-- Exercise goal --
Restate the data below word for word. Leave the images out.

-- Information provided --
__________________________________________________
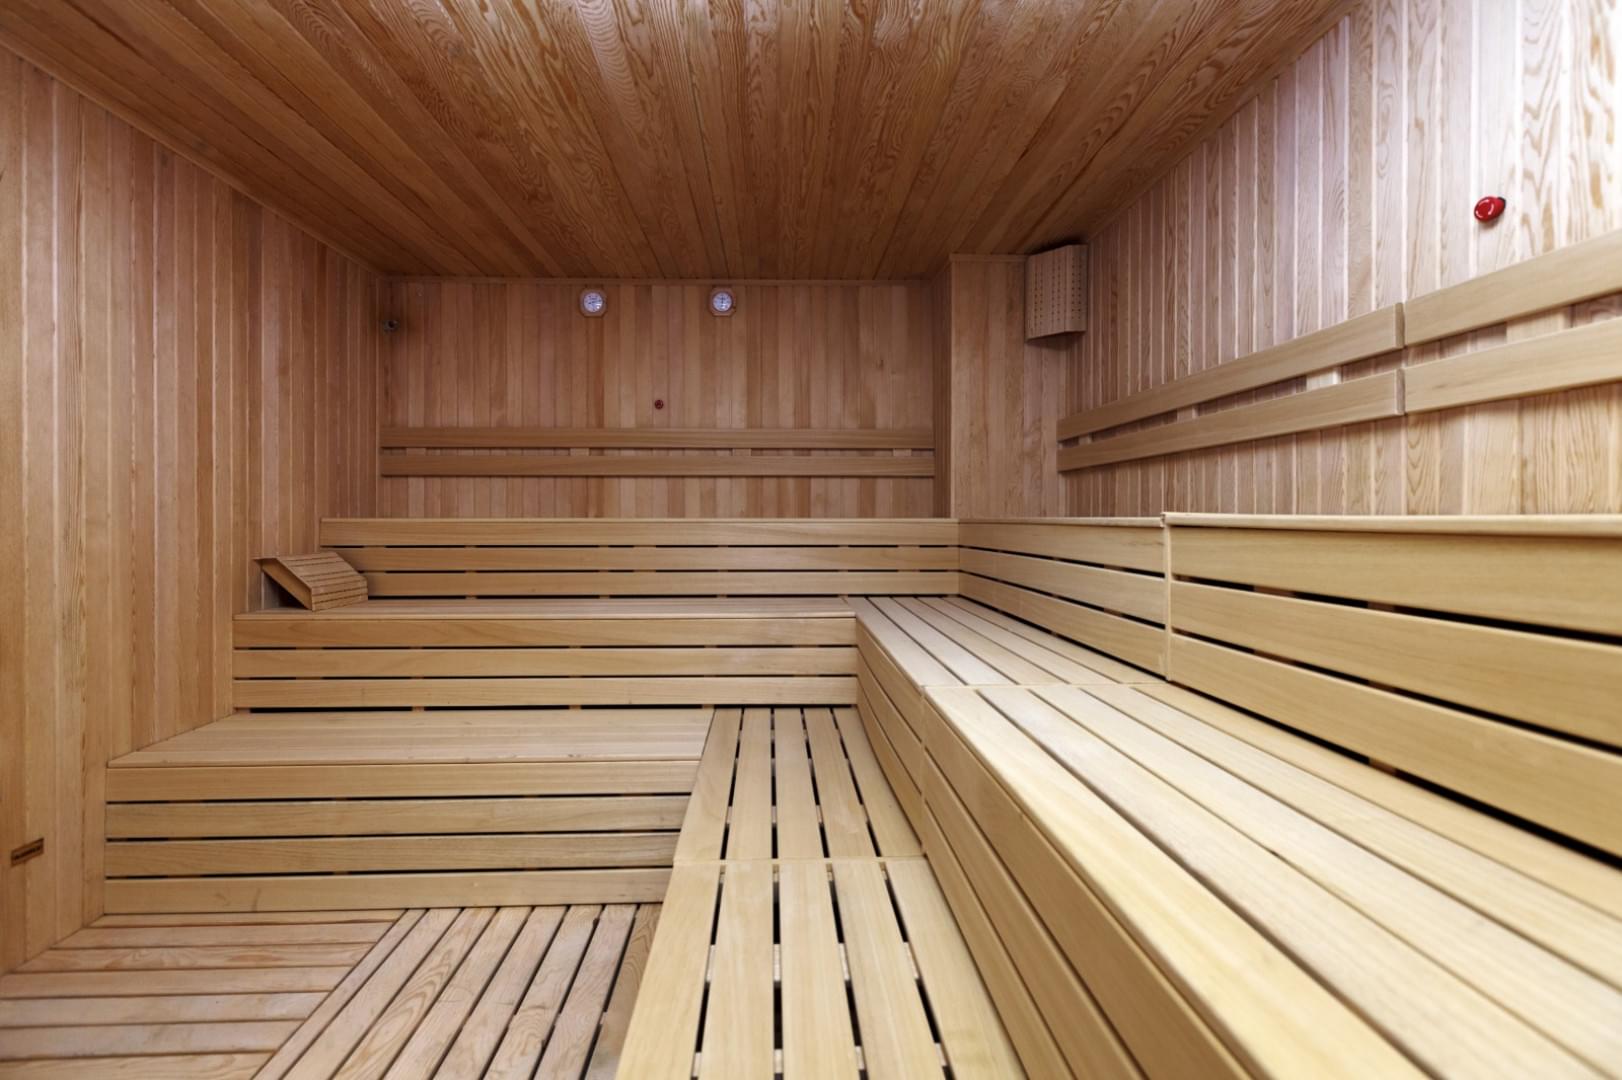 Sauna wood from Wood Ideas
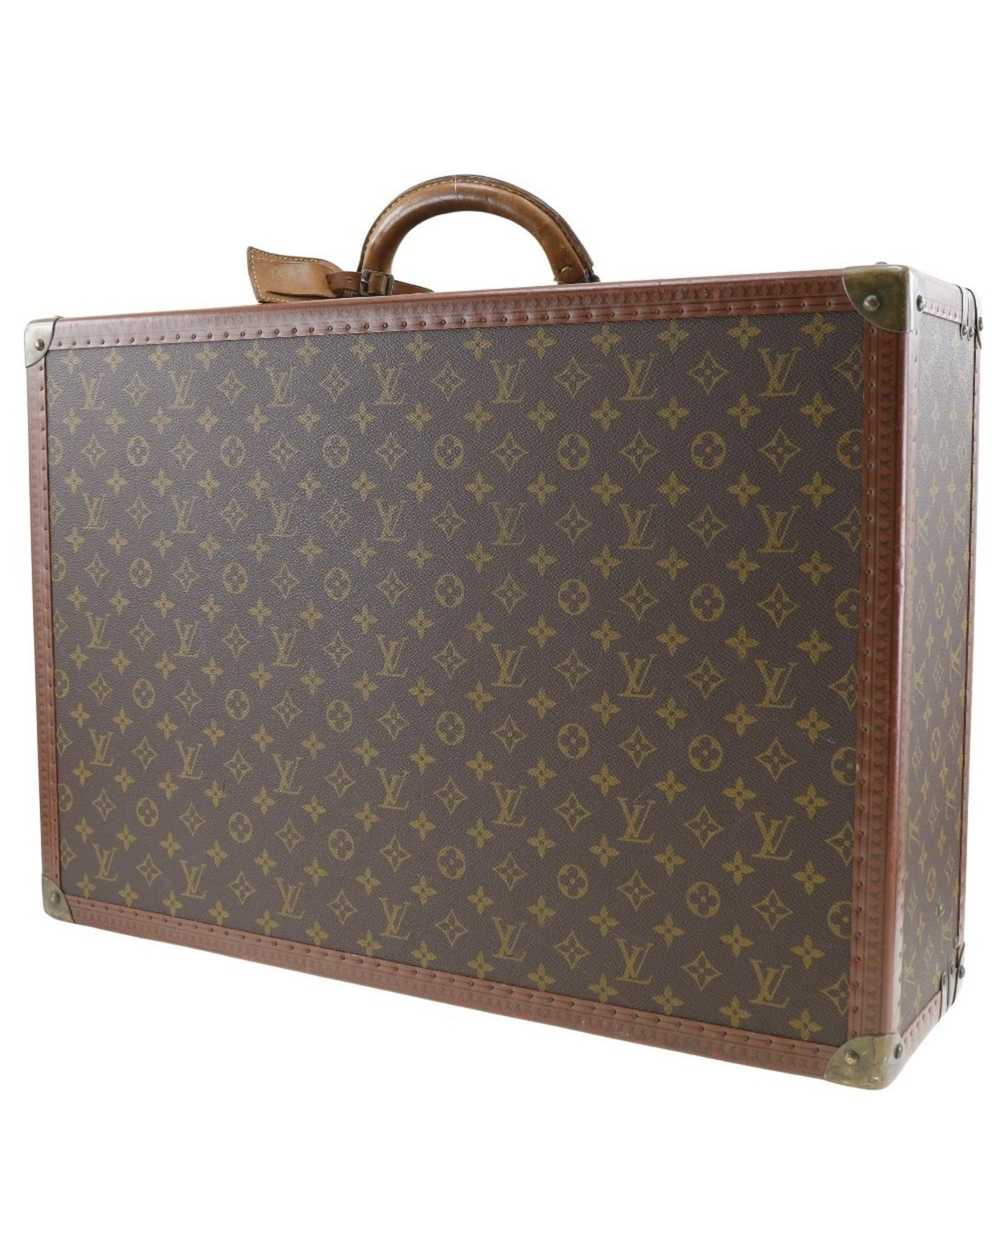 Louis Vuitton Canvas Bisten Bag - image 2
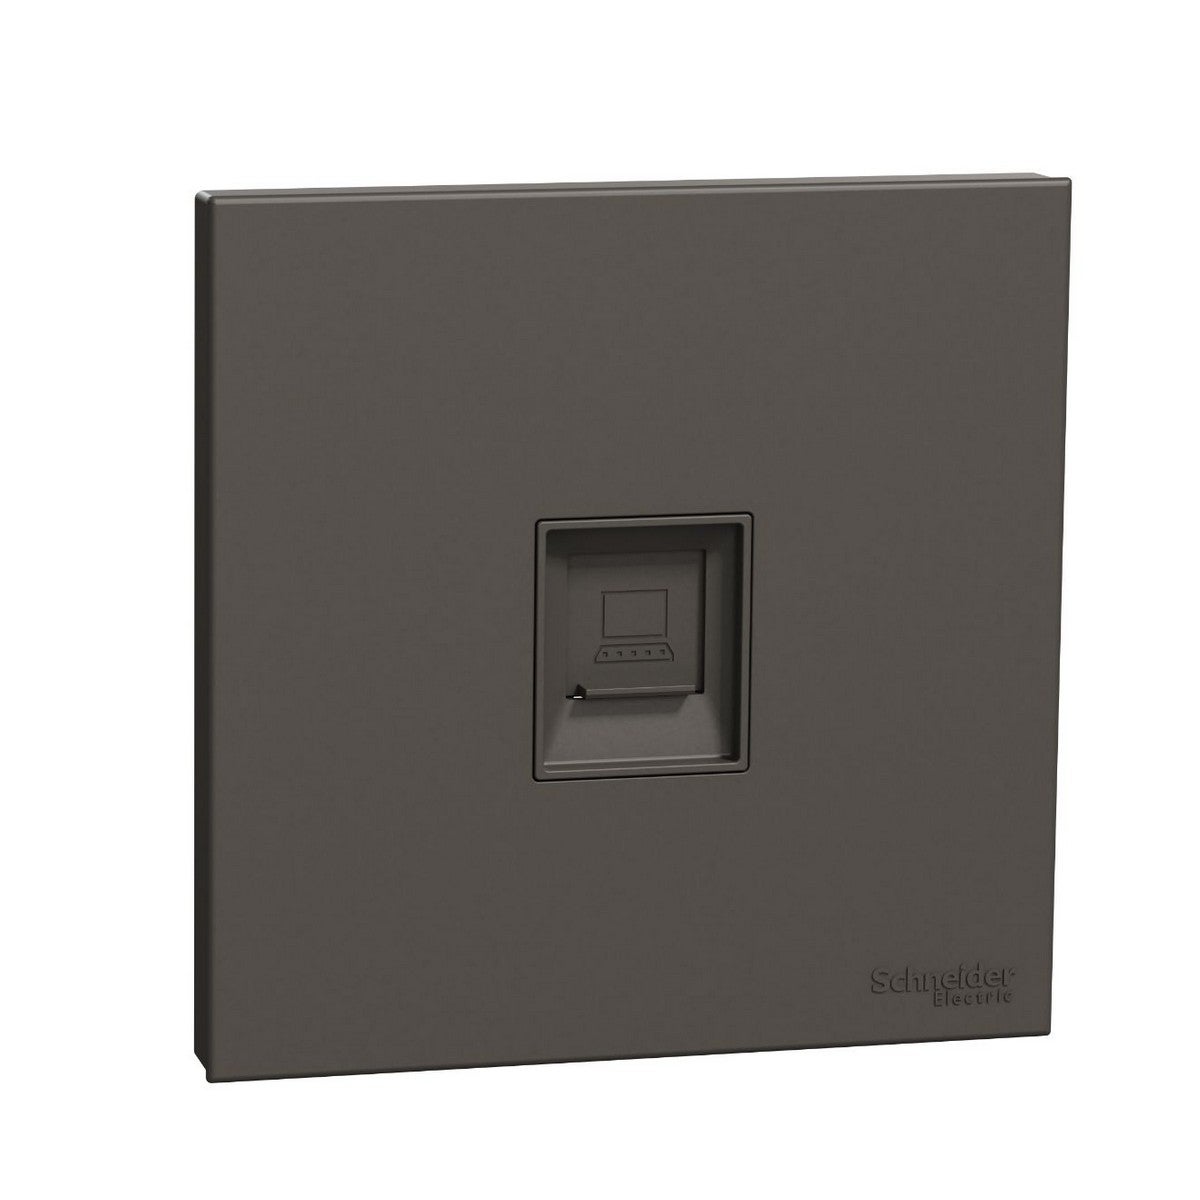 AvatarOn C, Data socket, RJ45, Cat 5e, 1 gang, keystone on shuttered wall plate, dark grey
__________________________________________________
-- Output for this task --
 Sauna wood from Wood Ideas
 Louis Vuitton Canvas Bisten Bag - image 2
 AvatarOn C, Data socket, RJ45, Cat 5e, 1 gang, keystone on shuttered wall plate, dark grey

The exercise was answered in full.